We are going to split our input graph into a train and test graphs using the EdgeSplitter class in stellargraph.data
. We will use the train graph for training the model (a binary classifier that, given two nodes, predicts whether a link between these two nodes should exist or not) and the test graph for evaluating the model's performance on hold out data.
Each of these graphs will have the same number of nodes as the input graph, but the number of links will differ (be reduced) as some of the links will be removed during each split and used as the positive samples for training/testing the link prediction classifier.

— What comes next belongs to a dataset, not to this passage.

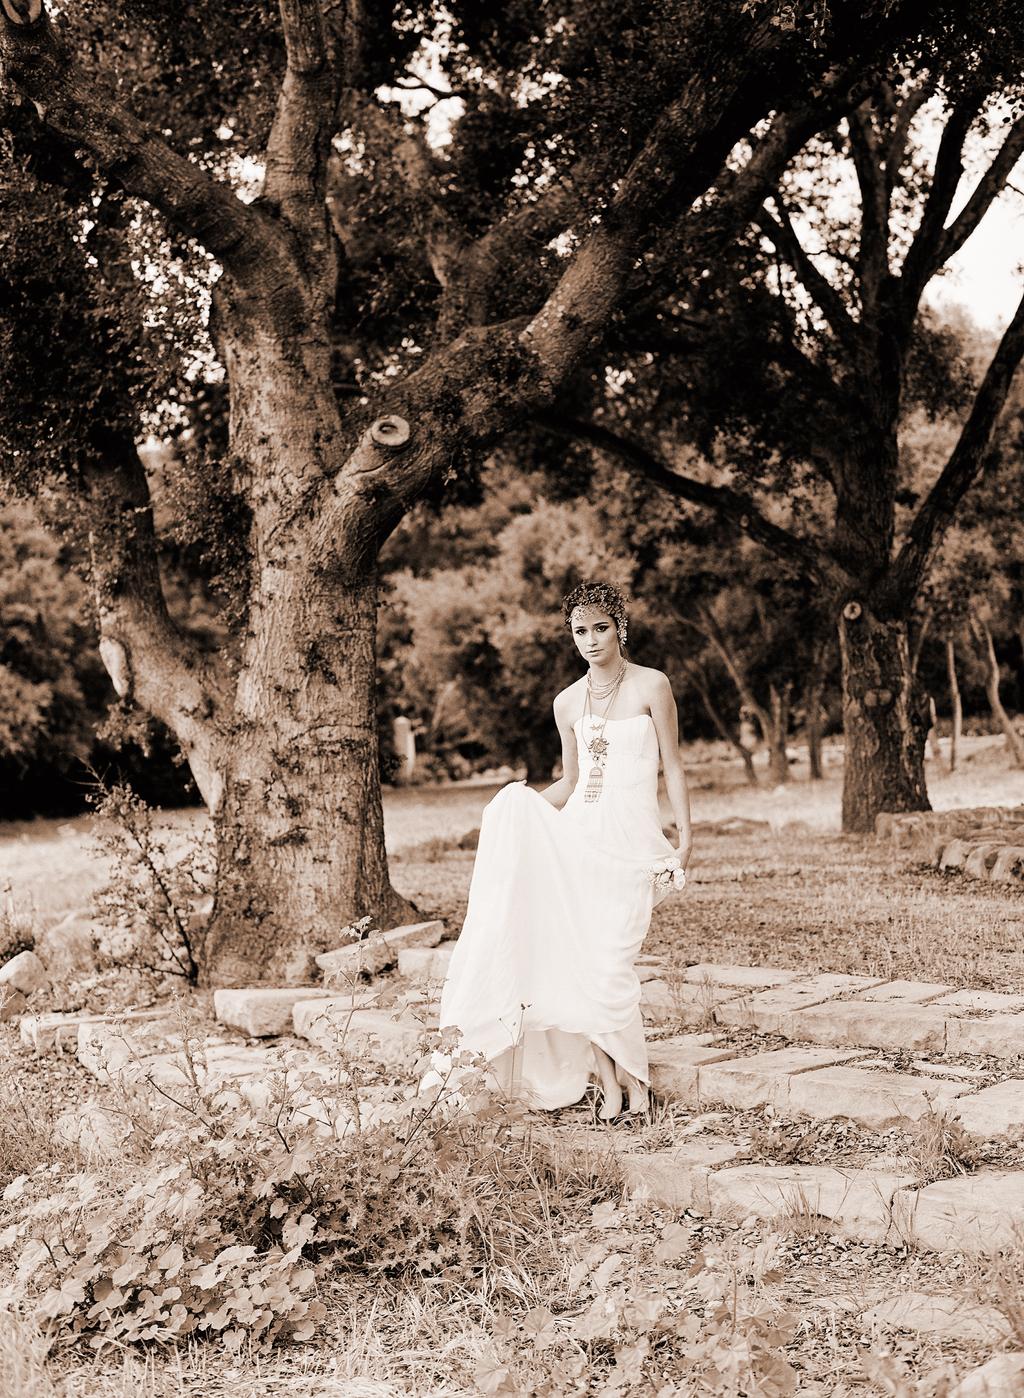 Styled-wedding-santa-barbara-chic-beaux-arts-phtographie-italian-bohemian-wedding-bride-wedding-dress-sepia-110.full

From the original graph G, extract a randomly sampled subset of test edges (true and false citation links) and the reduced graph G_test with the positive test edges removed:
# Define an edge splitter on the original graph G:
edge_splitter_test = EdgeSplitter(G)
# Randomly sample a fraction p=0.1 of all positive links, and same number of negative links, from G, and obtain the
# reduced graph G_test with the sampled links removed:
G_test, edge_ids_test, edge_labels_test = edge_splitter_test.train_test_split(
p=0.1, method="global", keep_connected=True
)
** Sampled 542 positive and 542 negative edges. **
The reduced graph G_test, together with the test ground truth set of links (edge_ids_test, edge_labels_test), will be used for testing the model.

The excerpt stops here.